In practical application, the application environments of computers used by people are different, such as operating systems and browser types, and the monitoring of the webpage browsing behavior of users can be realized in various ways:

for example, a third-party browser program with a monitoring function is used to monitor the behavior of the user browsing the web page when the user browses the web page by using the browser.

In addition, for the browser supporting the plug-in extension function, the monitoring of the behavior of the user for browsing the webpage can also be realized by a plug-in program started along with the browser. The plug-in is written according to a certain application program interface specification and can be called by the main program to realize an application program for processing a certain transaction, such as certain plug-in for downloading auxiliary software, after a user installs the plug-in, when the user starts the browser, the plug-ins can be started along with the browser, the click operation of the user and the system clipboard information are monitored, once the user clicks or copies a page link, the downloading of a certain internet resource is triggered, the plug-in can start the downloading auxiliary software and download the internet resource selected by the user. In the embodiment of the invention, for the browser which does not have the function of monitoring the behavior of the user for browsing the webpage and can support the browser plug-in extension, the monitoring of the behavior of the user for browsing the webpage is realized through the plug-in with the function of monitoring the behavior of the user for browsing the webpage, and the method is also an effective means for monitoring the behavior of the user for browsing the webpage.
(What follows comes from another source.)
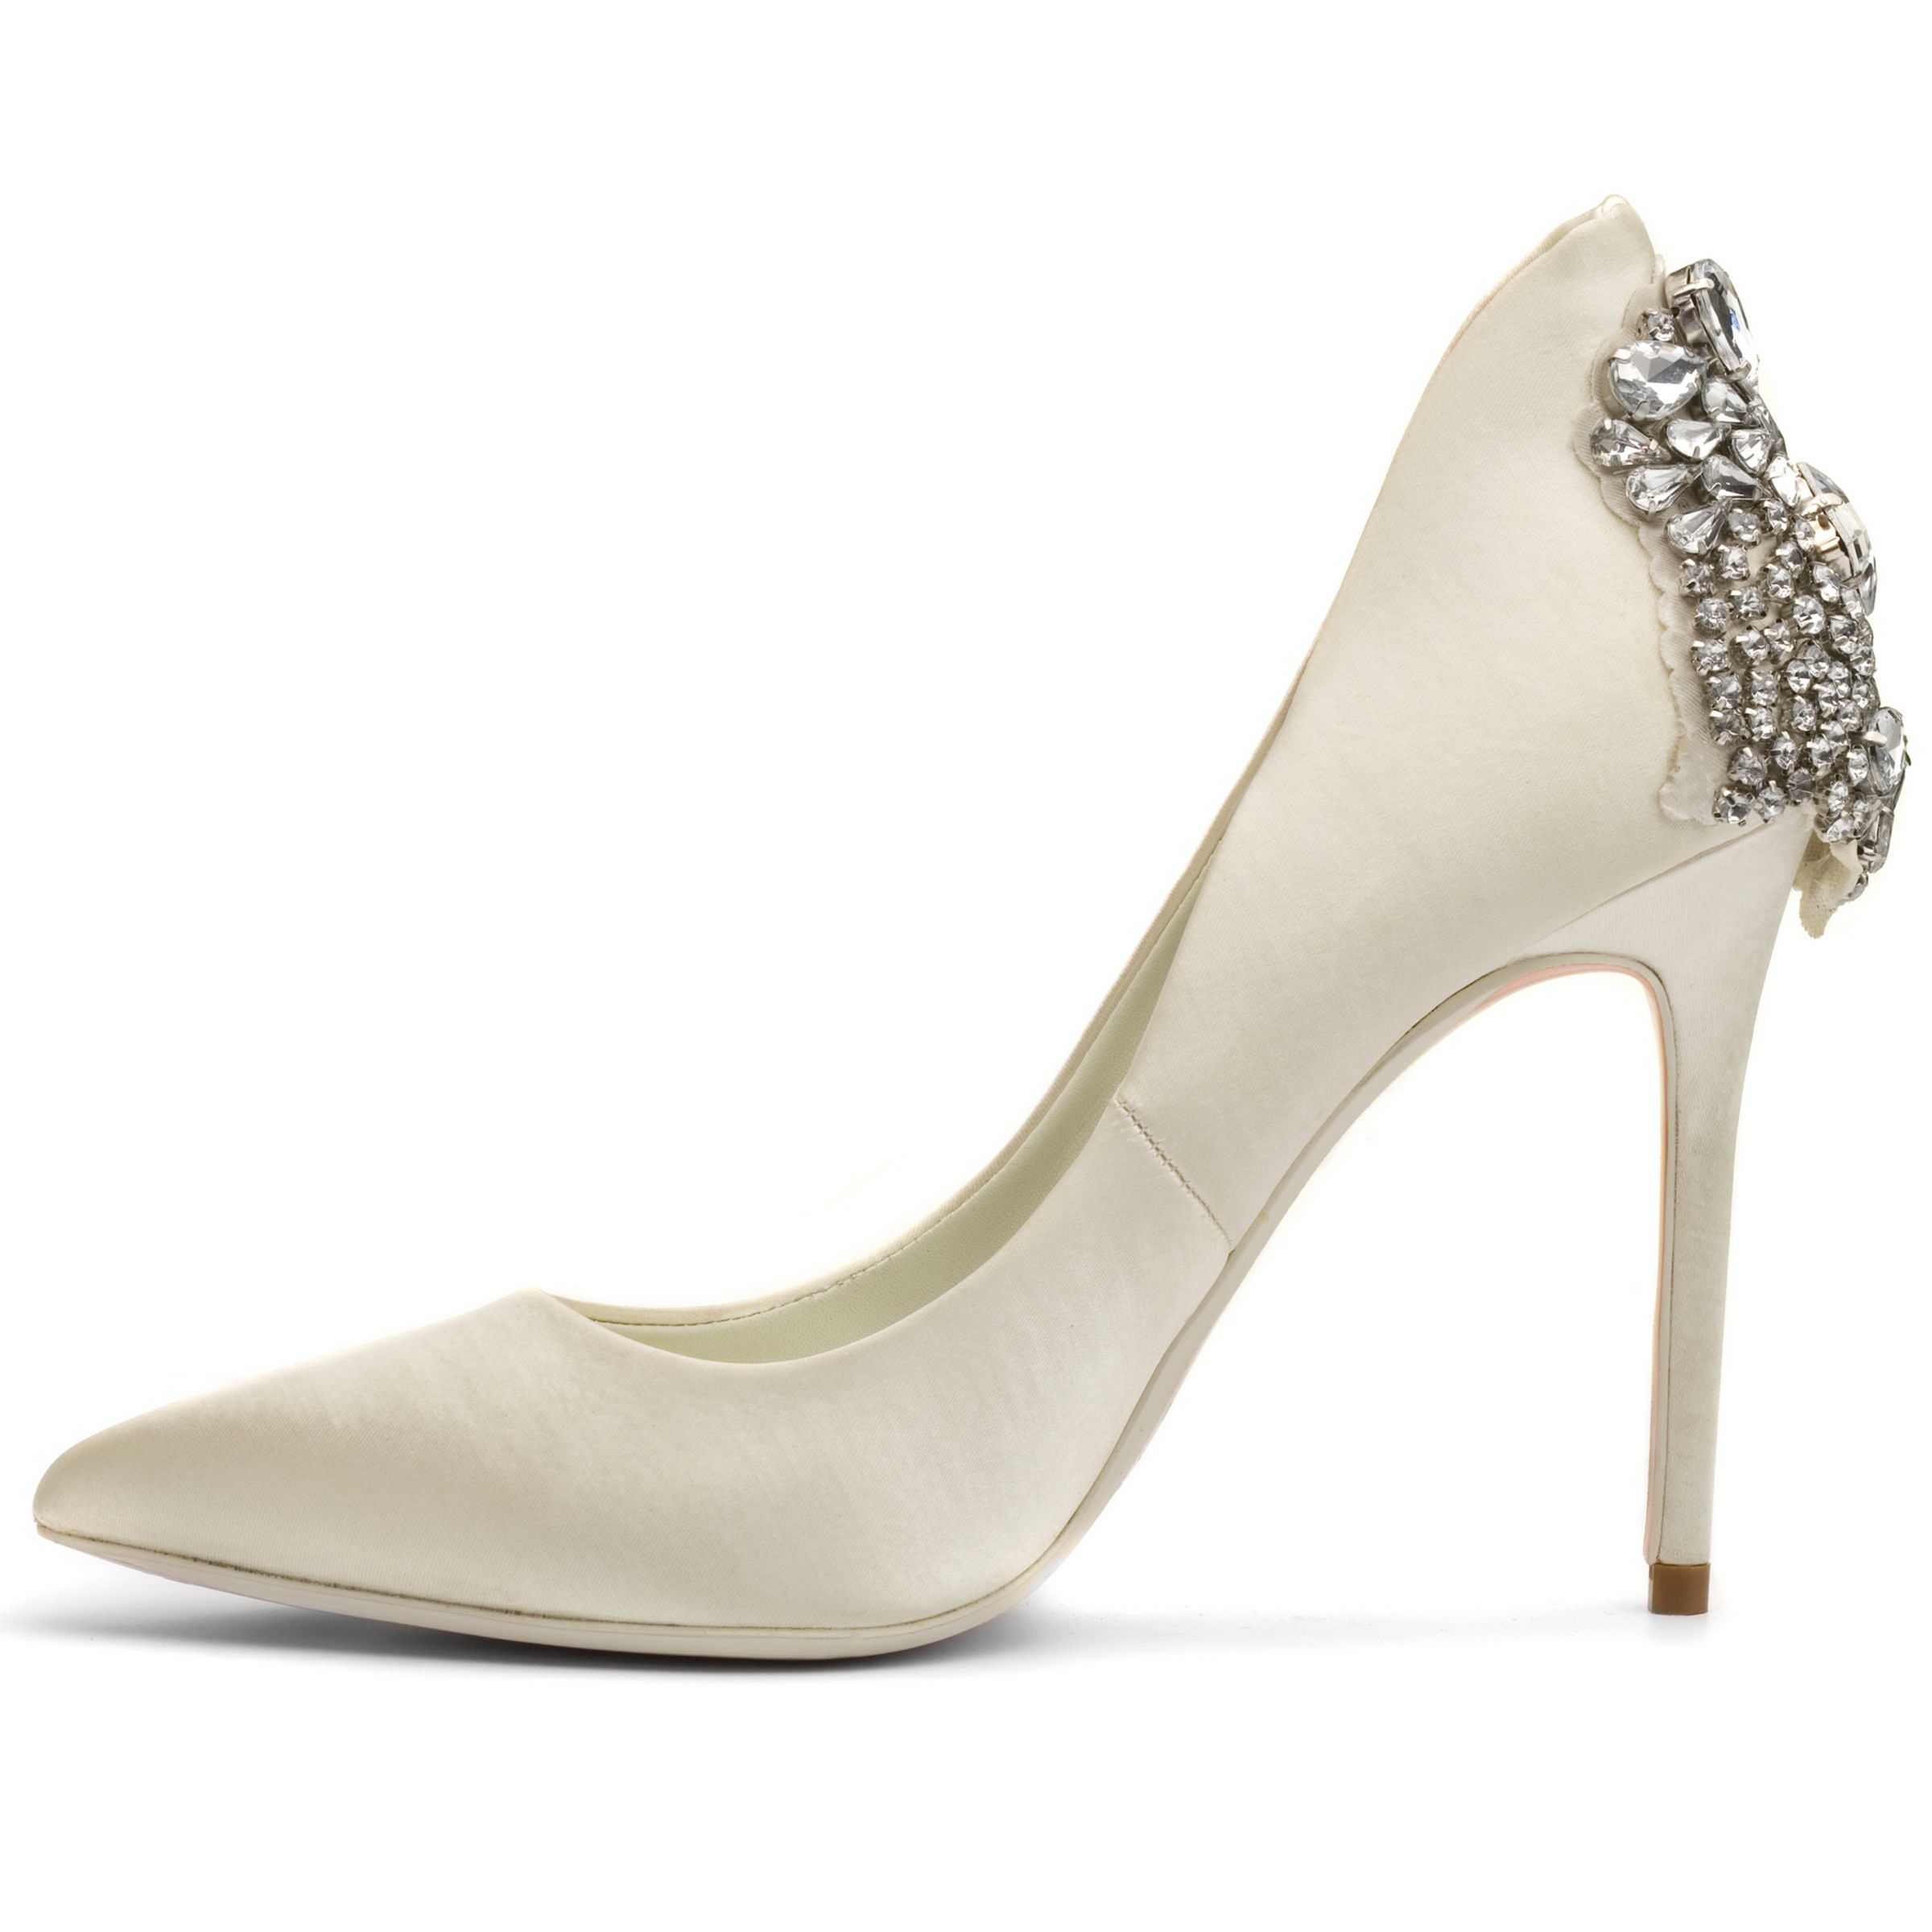 Ted Baker Mieon Embellished Court Shoes at John Lewis & Partners

Or, the monitoring of the browsing behavior of the user may be accomplished by a non-browser program and a browser plug-in program, such as a certain monitoring program or a certain program monitoring component, that is, when the user browses a web page using a browser, a monitoring program or a program monitoring component independent from the browser detects a target web page browsing request sent by the user, and monitors the behavior of the user browsing the web page.

S102: when monitoring that a user browses a webpage, acquiring related information of the browsed webpage and reporting the related information of the browsed webpage to a search engine server; the related information of the browsed webpage comprises a unique identification of the webpage of the browsed webpage;

when a user browses a target webpage, the browsing behavior of the user is monitored, the related information including the unique identification of the webpage browsed by the user is acquired, and the related information is reported to a search engine server. The unique identifier of the web page may be a URL (Uniform resource locator) of the web page, or to some extent, a web page title or an MD5 value of the web page content, and may also be used as the unique identifier of the web page, and therefore, it is also possible to report the unique identifier to the server.

In the concrete implementation, the process of reporting the relevant information to the search engine server can be real-time, namely, when the situation that the user browses a webpage corresponding to the URL is monitored, the relevant information of the webpage browsed by the user is reported to the search engine server, so that the search engine server can acquire the relevant information of the webpage browsed by the user in real time, and the timeliness of the relevant information of the webpage browsed by the user is ensured.

In addition, the method of generating an access log at the browser end and uploading the access log to the search engine server can be used for reporting the related information of the browsed webpage to the search engine server. When a user browses a target webpage, an access log containing the URL (uniform resource locator) of the webpage browsed by the user and other related information is generated at a browser end, or the original log is updated, namely the information of the browsing behavior of the current user is integrated into the original log, for example, when the URL of the webpage browsed by the user does not exist in the original log, the URL of the webpage browsed by the user is added into a log file. Then, under certain conditions, the relevant information of the web pages browsed by the users is reported to a search engine server in the form of an access log and is delivered to the search engine server for processing. Specifically, in the process of reporting the access log to the search engine server under a certain condition, the access log may be reported to the search engine server when the access log generated by the browser reaches a certain preset condition (for example, the recorded time reaches a certain length, or the log file reaches a certain storage capacity, etc.), for example, when the access log reaches or exceeds 1 megabyte, the access log is reported to the search engine server, or 1 week is used as a time period, and the access log is reported to the server once every week. The method for generating the access log at the browser end and uploading the access log to the search engine server and reporting the related information of the browsed webpage to the search engine server generally has the advantages of reducing network overhead and reducing system pressure of a user computer and the search engine server.

S103: and the search engine server updates a search engine website database according to the related information of the browsed webpage collected from each user browser end in the network.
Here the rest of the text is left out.